Ministers' Business Meeting
By Calvin Eash, Pastor of Bowlings Creek Mennonite Church, Buckhorn, Kentucky
One thought that comes to mind when asked to do a report on a business meeting is how can one write something informative and enlightening on a "boring" meeting? Go ahead and call me strange but I personally do not find it all that boring. During the songs of worship I have a hard time deciding whether to blend my voice in praise with all the others or just sit and listen while my heart is lifted toward heaven.
By attending the business meetings one can get a feel of the pulse of the Conference. I have been sensing love and respect toward the congregations who have left or are wishing to leave by the hesitancy as the reports are read, or in the individual conversations where we ask how they are doing, or in the applause for the offer from a departing congregation to assist with future Conference meetings. I know I am a relative newcomer and it may not have always been that way before I came on board, but I am encouraged by what I have been observing since becoming a pastor. There is the heartfelt concern for the needs of others as prayer requests are dealt with personally, rather than a generic Lord-bless-all-the-sick-and-needy-amen type of prayer.
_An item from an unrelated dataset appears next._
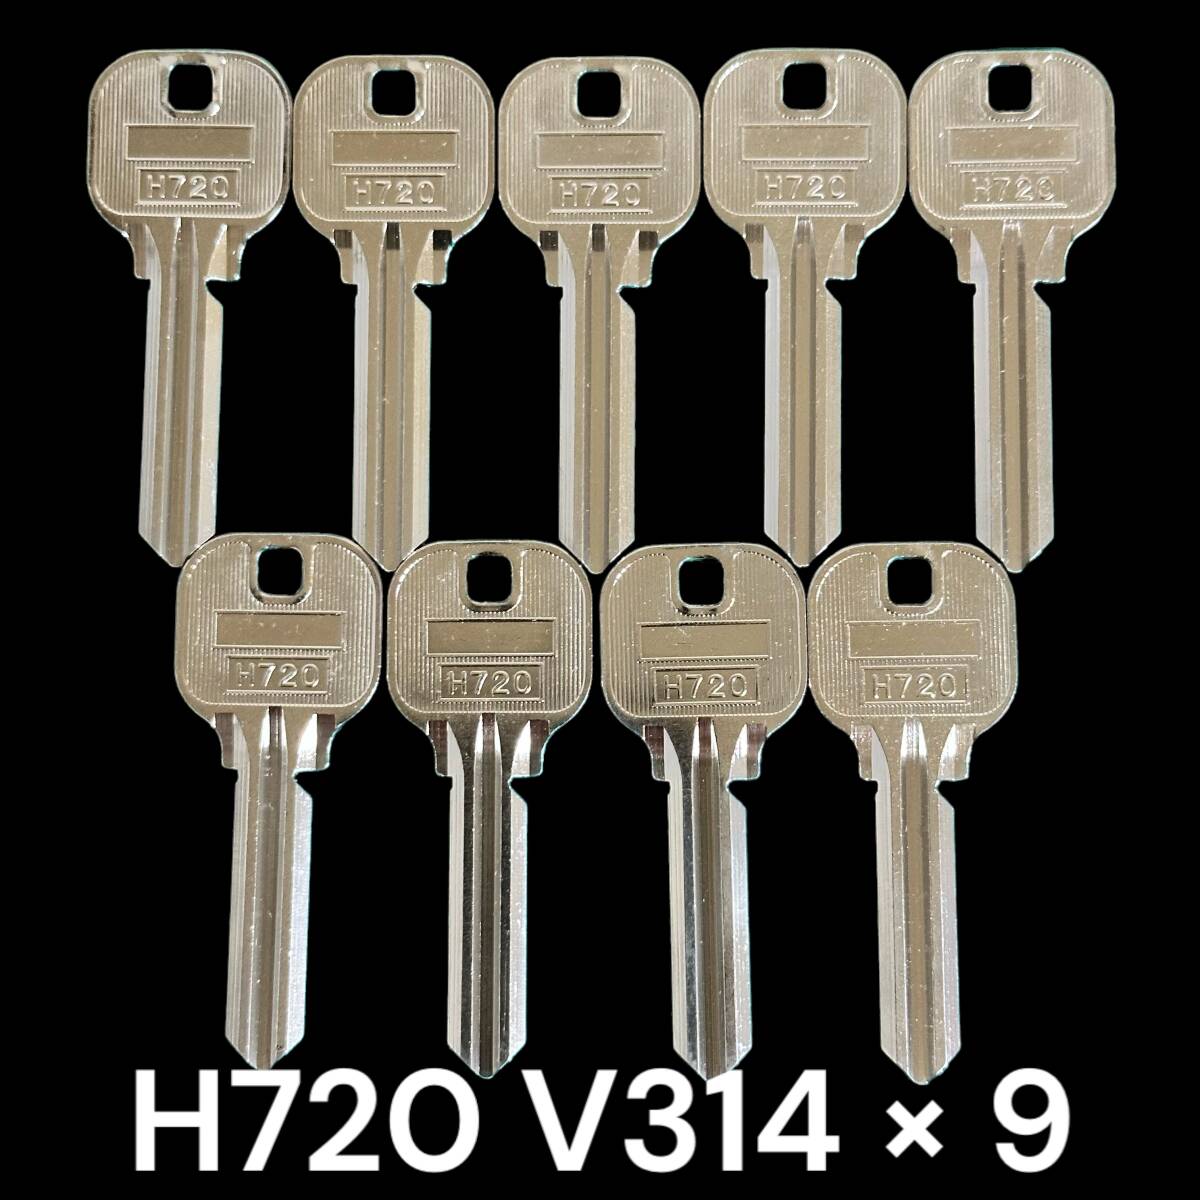 T472 ブランクキー H720 THL M314 9本 合鍵 スペアキー カギ かぎ _画像1

When we break for lunch we catch up on how old friends are doing, make new acquaintances, discuss agenda items, weather, farming, family, church, etc. As reports are given by representatives to other Mennonite entities such as MCC, Mennonite World Conference, or church-related colleges, I hear concern over doctrinal positions not like our own, but also see how we can be a voice for truth and change by prayer, faithfulness to the Scriptures, and living in the love of Christ. It gives one a sense of belonging to a bigger family, an identity beyond one's own church community.
The financial reports are more than just shuffling a bunch of numbers. They show we do still have sensitivity to needs and can rise to the occasion (like helping RBC finish the year in the black when things looked bleak). But it also makes us ask where our treasure (and our heart) is when our mission agency, reaching out with the love of Christ to a world headed for hell, struggles to meet budgetary demands. Many thanks to those who are doing their part. If all of us took "ownership" in the work of RMM, how much more could be done to build the kingdom of God. While Levi Miller of the Stewardship Committee may have said it in jest, perhaps we do need to offer a course in financial management at RBC.
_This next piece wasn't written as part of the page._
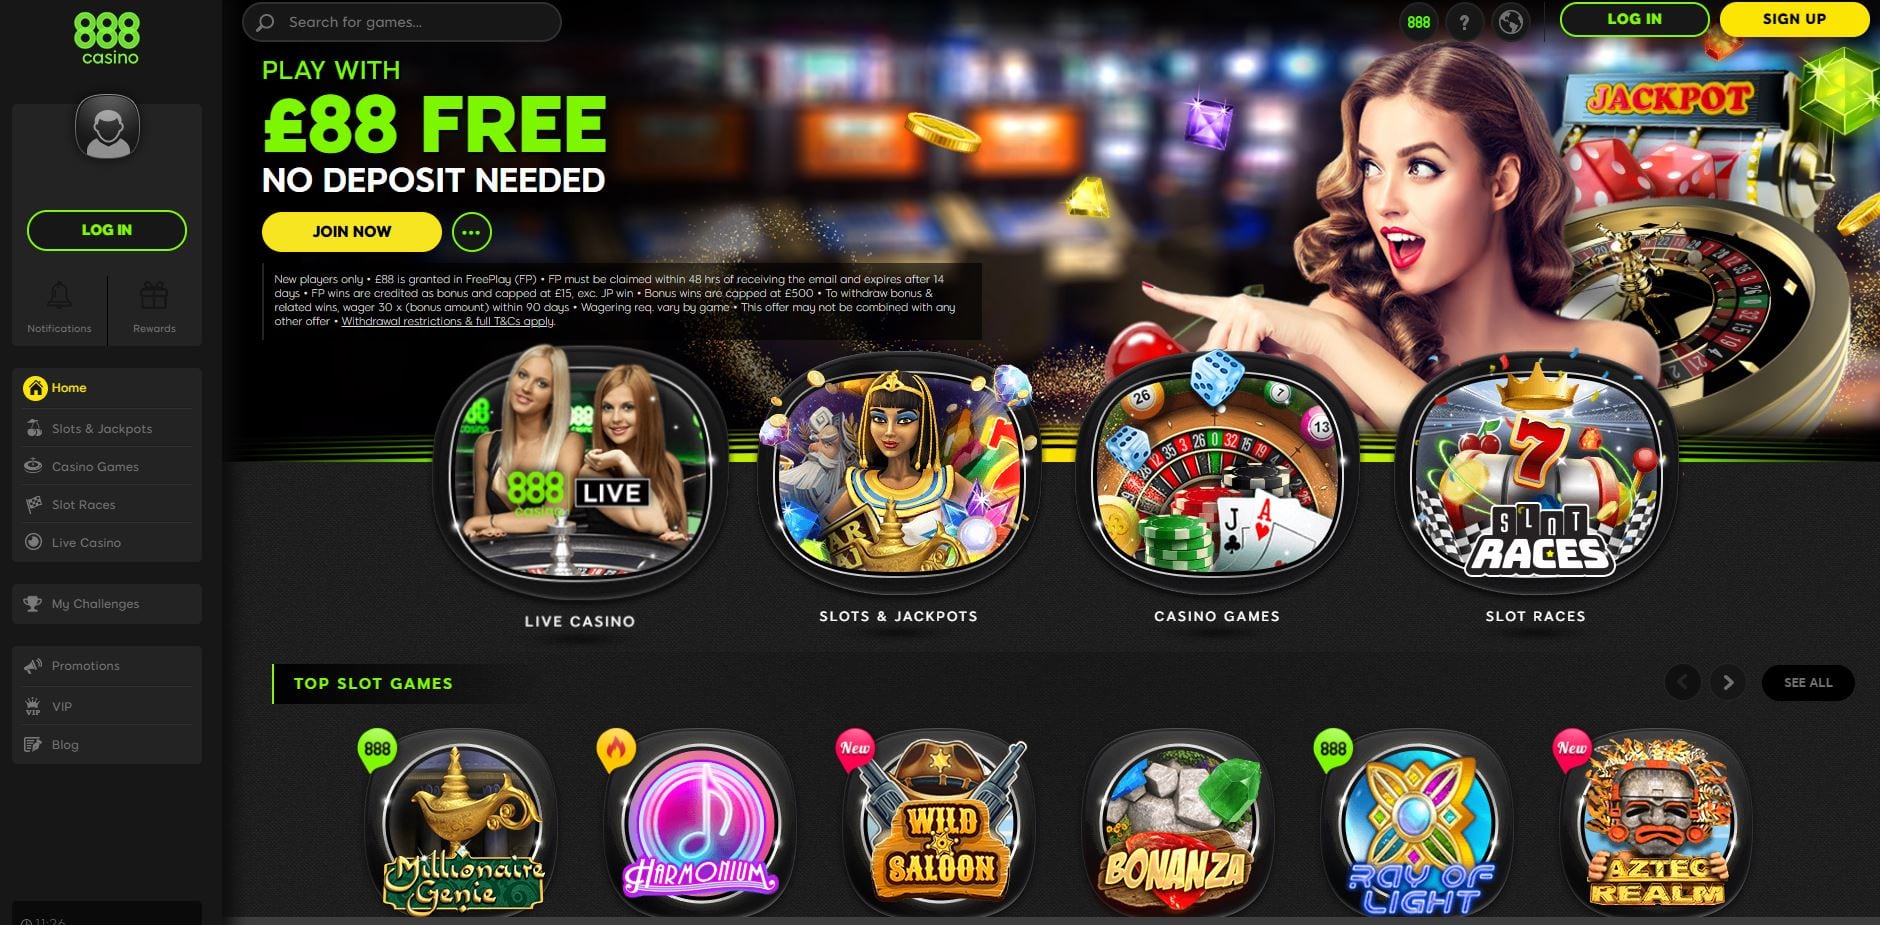 vip net games casino

The Home School Legal Defense Association says the price of home school freedom is constant vigilance. So it is with CMC. The price of maintaining our identity as a conference is prayerful consideration as we vote on board members, committees and representatives. And careful deliberation on how to best express amendments to the CMC Constitution; that is, does it properly communicate who we are and where we are going as a conference? I sense an underlying question of how do we ask about the old paths and walk therein (Jeremiah 6:16) while reaching out to a constantly changing world?
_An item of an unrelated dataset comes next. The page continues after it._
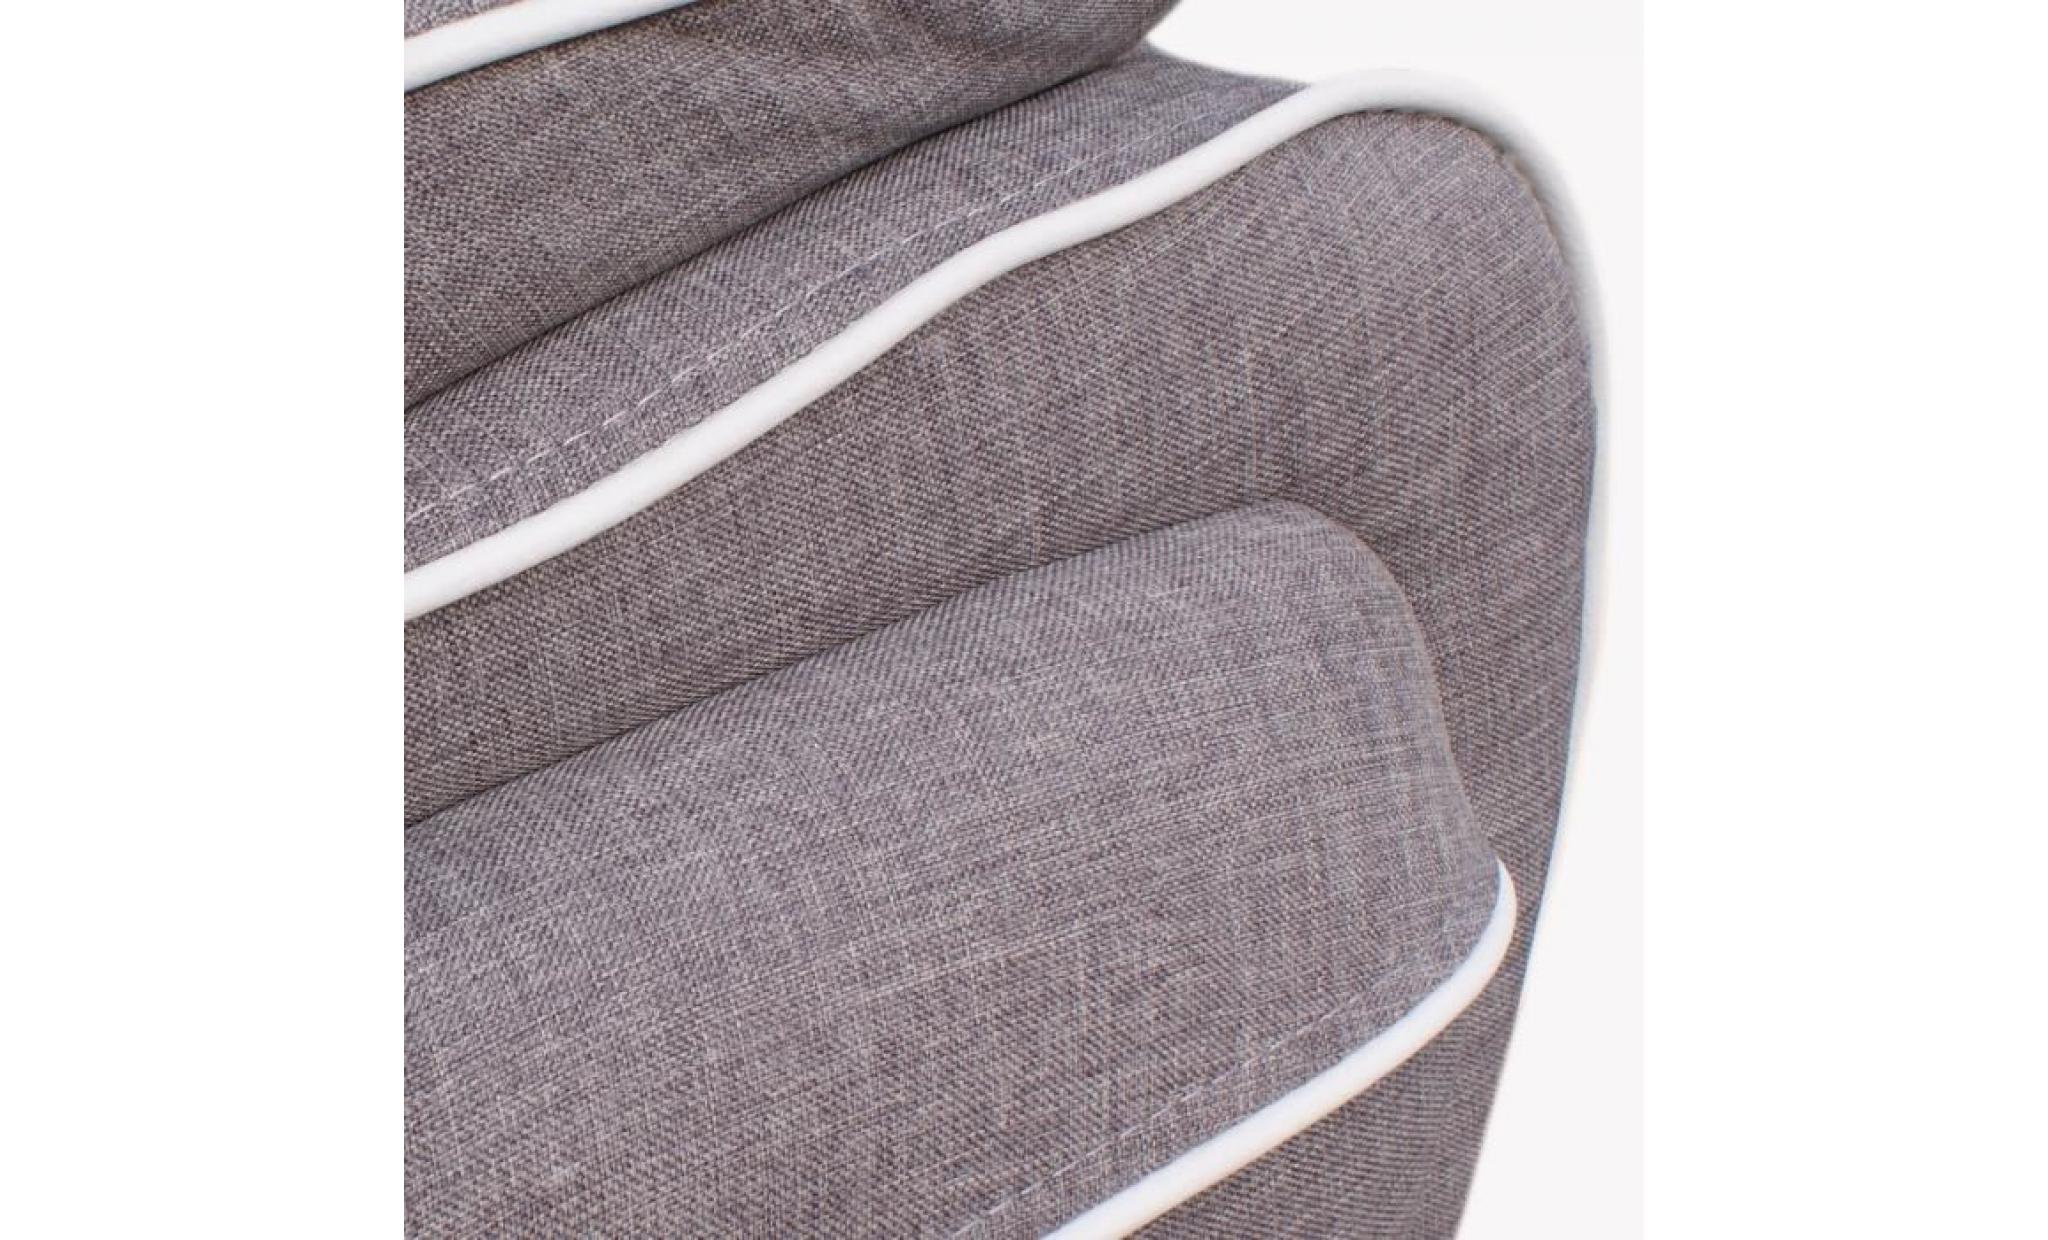 spacio canapé droit 2 places   tissu   gris passepoil blanc   contemporain   l 162 x p 86 cm pas cher

Is the Business Meeting all tedious discussion? No. There are moments of humor also, as when a quartet sang a "hymn" in honor of Dale Keffer's departure from the RMM board. Someone needs to encourage the talented songwriter(s) to write some hymns and choruses for use in our churches. And has Levi Miller ever considered "mentoring" someone on the art of finding tasteful cartoons to show on the overhead projector? (Thanks for helping us laugh at ourselves). Boring? I think I can find it a bit more stimulating than say . . . trying to coax a little dimpled ball out of a sand trap.